Surentraînement : les signes qui ne trompent pas
« Plus j'en fais, mieux c'est » : ce raisonnement semble logique, mais il conduit droit au surentraînement. Le syndrome de surentraînement (SSE) touche 10 à 20 % des athlètes d'endurance à un moment ou un autre. Le reconnaître tôt fait la différence entre une semaine de repos et des mois de galère.
Surcharge fonctionnelle vs surentraînement
Il faut distinguer trois stades :
- Surcharge fonctionnelle — fatigue normale après un bloc d'entraînement intense. 2-3 jours de repos suffisent pour récupérer. C'est le processus normal de supercompensation
- Surcharge non-fonctionnelle — fatigue qui persiste malgré 1-2 semaines de repos. Les performances stagnent ou régressent. Récupération en 2 à 8 semaines
- Syndrome de surentraînement — état chronique avec perturbations hormonales, immunitaires et psychologiques. Récupération en mois — parfois plus de 6 mois
Les signes d'alerte
Signes physiques
- FC de repos anormalement élevée le matin (+ 5-10 bpm par rapport à la normale)
- Contre-performances inexpliquées malgré un entraînement régulier
- Jambes lourdes persistantes, même après un jour de repos
- Infections à répétition (rhumes, maux de gorge)
- Perte d'appétit et perte de poids involontaire
Signes psychologiques
- Irritabilité et sautes d'humeur
- Perte de motivation pour courir (un signe très révélateur)

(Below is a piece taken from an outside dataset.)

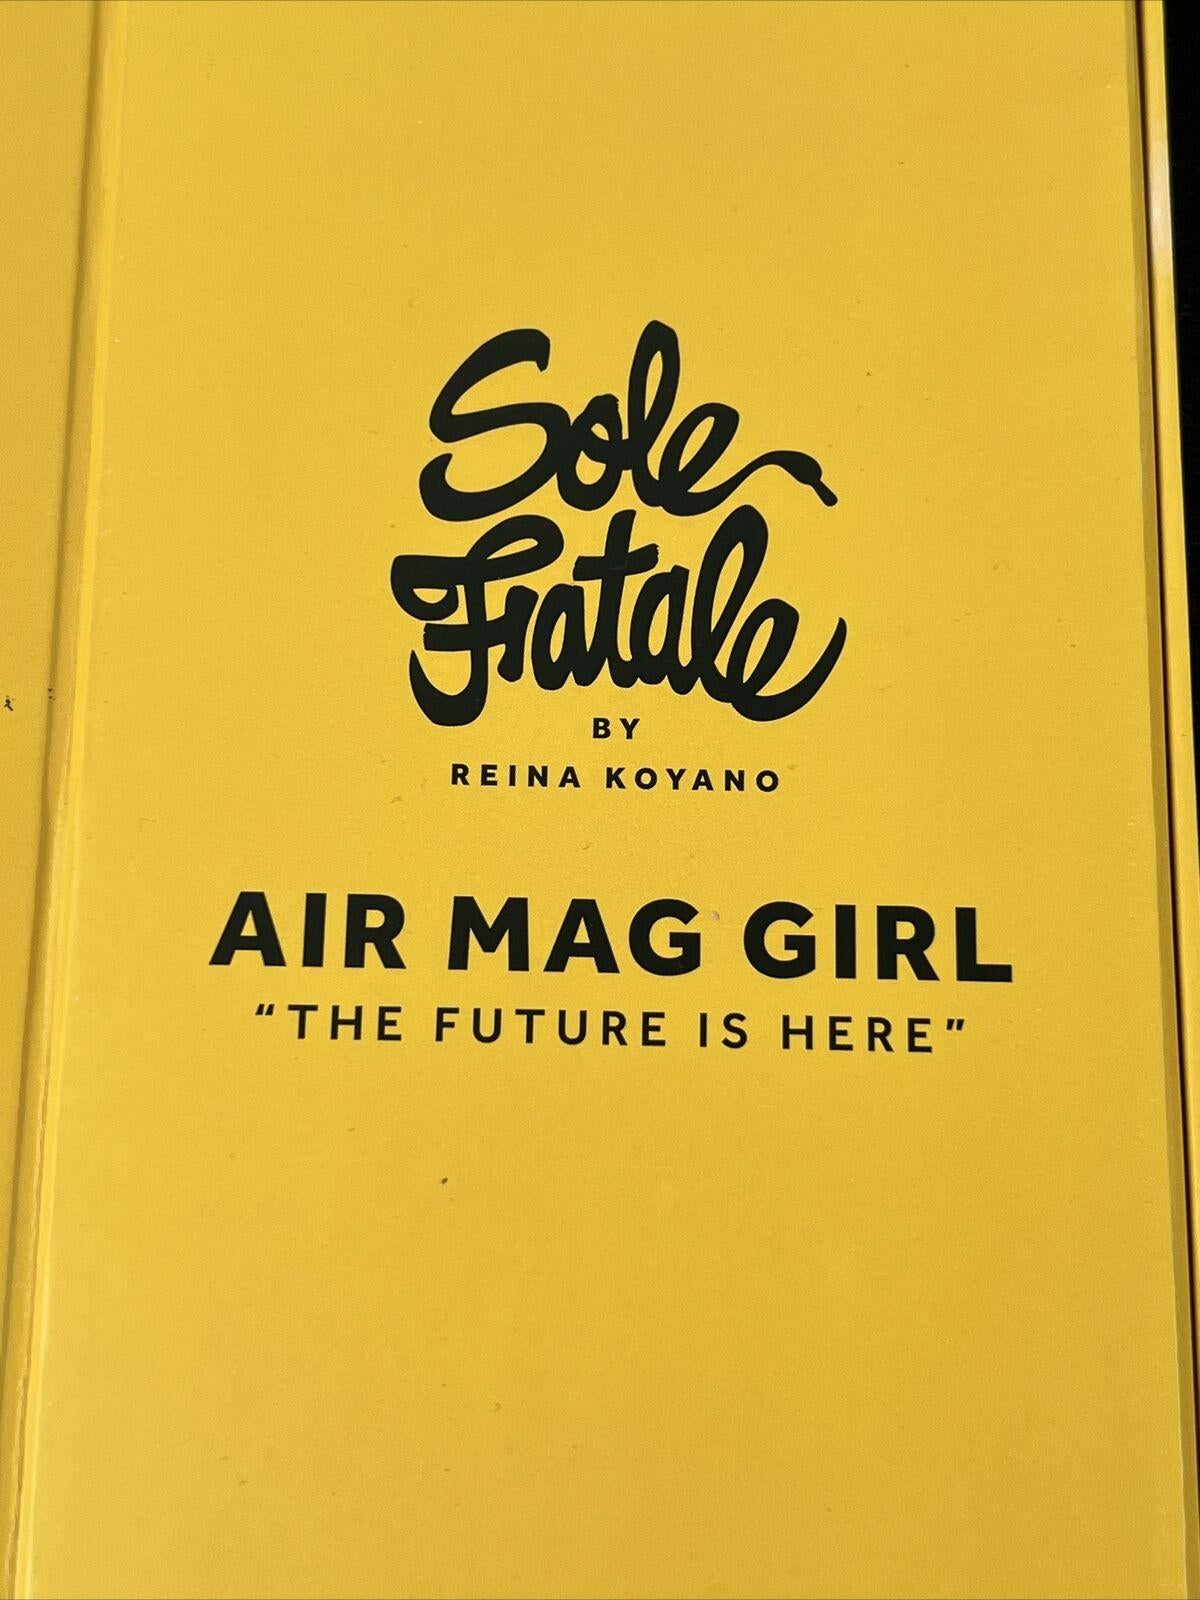 Nike Air Mag Girl Surrealism Vinyl Figure Designer Con 2017 - Sculpture by Reina Koyano

- Troubles du sommeil (insomnie ou sommeil non réparateur)
- Difficulté de concentration au travail
Signaux d'entraînement
- Incapacité à atteindre les allures habituelles
- Sensation d'effort disproportionnée pour des séances faciles
- Baisse du VO₂max estimé sur la montre GPS
- Temps de récupération anormalement longs entre les séances
Comment prévenir
- Respecter le 80/20 (endurance / intensité)
- Semaine de décharge toutes les 3-4 semaines
- Surveiller sa FC de repos quotidiennement
- Dormir suffisamment (7-9 h)
- Périodiser l'entraînement
Facteurs de risque
- Augmentation brutale du volume (> 20 %/semaine)
- Trop d'intensité, pas assez d'endurance fondamentale
- Stress professionnel ou personnel ajouté
- Sous-alimentation ou régime restrictif
- Manque de sommeil chronique
Que faire si vous êtes surentraîné ?
- Arrêter l'entraînement intense — pas de fractionné, pas de seuil. Marche et footing très léger uniquement
- Dormir — le sommeil est le premier outil de récupération. Viser 8-9 heures par nuit
- Manger suffisamment — augmenter l'apport en calories, glucides et protéines. Le corps a besoin d'énergie pour se réparer
- Réduire le stress global — l'entraînement n'est qu'un stress parmi d'autres. Le stress professionnel, familial, le manque de sommeil s'additionnent
- Reprendre très progressivement — suivre un protocole de reprise comme après une blessure
Le point clé : le surentraînement est un piège insidieux car ses premiers signes ressemblent à de la fatigue normale. La clé est de surveiller les tendances : FC de repos qui monte, motivation qui baisse, contre-performances qui s'accumulent. En cas de doute, une semaine de repos complet coûte moins cher que des mois de surentraînement chronique.
Questions fréquentes
Quels sont les premiers signes du surentraînement ?
Les signaux précoces sont une FC de repos élevée (+5-10 bpm), une fatigue persistante malgré le repos, des troubles du sommeil et une baisse de motivation inhabituelle.
Combien de temps faut-il pour récupérer d'un surentraînement ?
Le surentraînement léger se résout en 2-4 semaines de repos relatif. Les cas sévères peuvent nécessiter 2 à 6 mois de récupération complète.
Comment différencier fatigue normale et surentraînement ?
La fatigue normale disparaît après 1-2 jours de repos. Le surentraînement persiste malgré le repos et s'accompagne de contre-performances, d'irritabilité et de troubles du sommeil.